For diet C, the tiny sample size and large variability produces a whopping SE. Now that’s a mean estimate you just can’t trust! You'd be much wiser to put your money on the mean estimate for diet D (21.9), with its very tight SE bars.

The SE is very useful, but it can feel a bit abstract to people who aren't statisticians. Suppose you report that the patients on diet D lost a mean of 21.9 pounds, with a SE of 0.923. The clinical implications of that SE probably won't resonate with many dieticians--and certainly won't make any sense to patients!

____________________________________________________________

4th Variation: The Confidence Interval (CI)

So how can you communicate the precision of your estimate to a wider audience?

What? I'm sorry. I couldn't hear your answer with all this infernal music in the background!!!

Did you say, "Multiply the SE by a t-value associated with a level of confidence that corresponds with a given probability from a t distribution?"

Yes, indeed! That mathy maneuver gives you a very practical measure of precision: the confidence interval (CI).

Now you can interpret the certainty of the mean estimates more intuitively. For example, based on the 95% CI for diet D, you can say that you're 95% confident that the mean weight loss for the entire population of diet D dieters falls between 20.1 and 23.9 pounds. The CIs for diets A and B are wider, so those mean estimates of weight loss are somewhat less certain.

For diet C, note that we can't assert with 95% confidence that the mean change in weight is actually a weight gain, a weight loss, or no change in weight at all (0)! That makes perfect sense because two data values is hardly a sufficient sample to base an estimate on (Note: the full CI isn't shown on the plot because I wanted to keep the Y scale consistent with the other plots).

Another perk of the CI: you can use it to directly evaluate your results in relation to a benchmark value.

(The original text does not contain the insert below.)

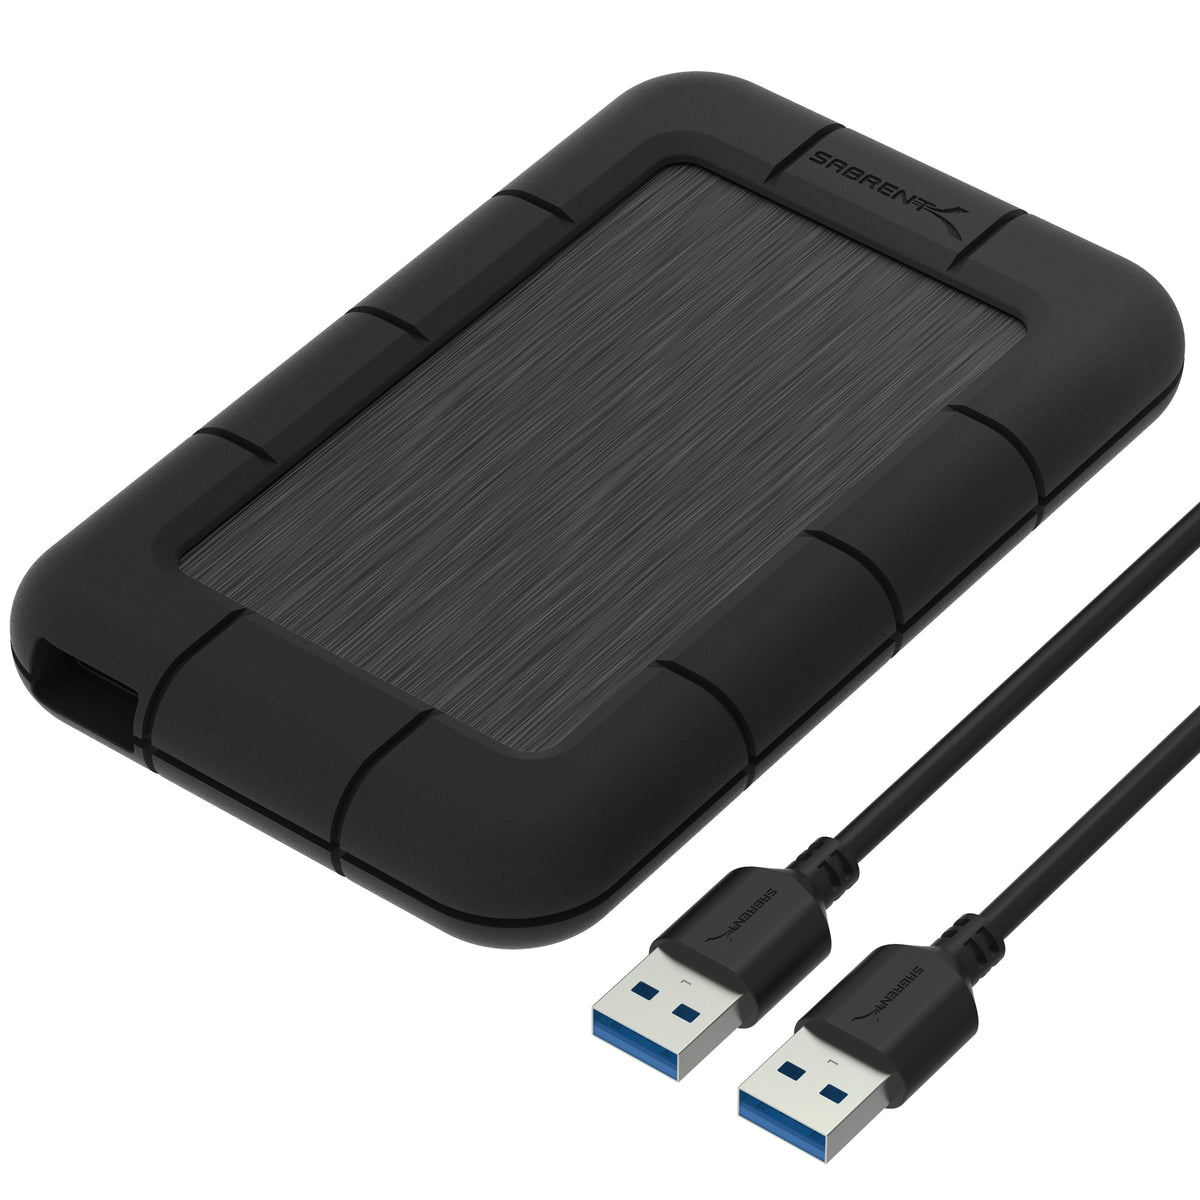 USB 3.0 to SSD / 2.5-Inch SATA External Shockproof Aluminum Hard Drive Enclosure Fits UASP SATA III, Black

Suppose you know from previous studies that to provide clinical benefits for this population of patients, weight loss must be at least 15 pounds. Then you cannot be 95% confident that diets A, B, or C will provide clinical benefit, because the lower limits of those confidence intervals are all less than 15. You can, however, assert with 95% confidence that diet D provides clinical benefit, because its lower confidence limit is greater than 15.
_______________________________________________________________

Coda

Are you still awake? Have you nodded off and started blowing bubbles in your tea yet?

Let's quickly wrap things up with the Coda, which means "tail" in Italian. This section is sometimes tacked onto the end of a musical piece as a short, zippy summary and finale.

Here's the short answer to the reader's original question:

SD : Indicates general variability within your sample data. Descriptive in nature. Use to assess overall variation and to estimate percentiles of normally distributed data.
SE: Indicates variability between samples of data. More technical and inferential in nature. Use to assess the precision of your sample estimate of the mean or other population parameter.
% CI: Indicates a likely range of values for a population parameter. Use to intuitively assess the certainty of an estimate and to compare with benchmarks.

Always label error bars clearly. The SEM is always less than the SD, so you want to avoid giving the misimpression that it represents the general variability of your data. Similarly, for sufficiently large samples, the 95% CI is about twice as large as the SE for the mean, so always indicate which one you're showing. (Minitab does this by default on the interval plot.)

Of course, your choice of how to represent error also depends on the conventions in your field of research, as well as the specific guidelines and audience of the journal you're publishing in. When in Rome...

For additional guidelines on using error bars in scientific publications, check out this helpful article in the Journal of Cell Biology.

(Thanks to the reader for his great question!)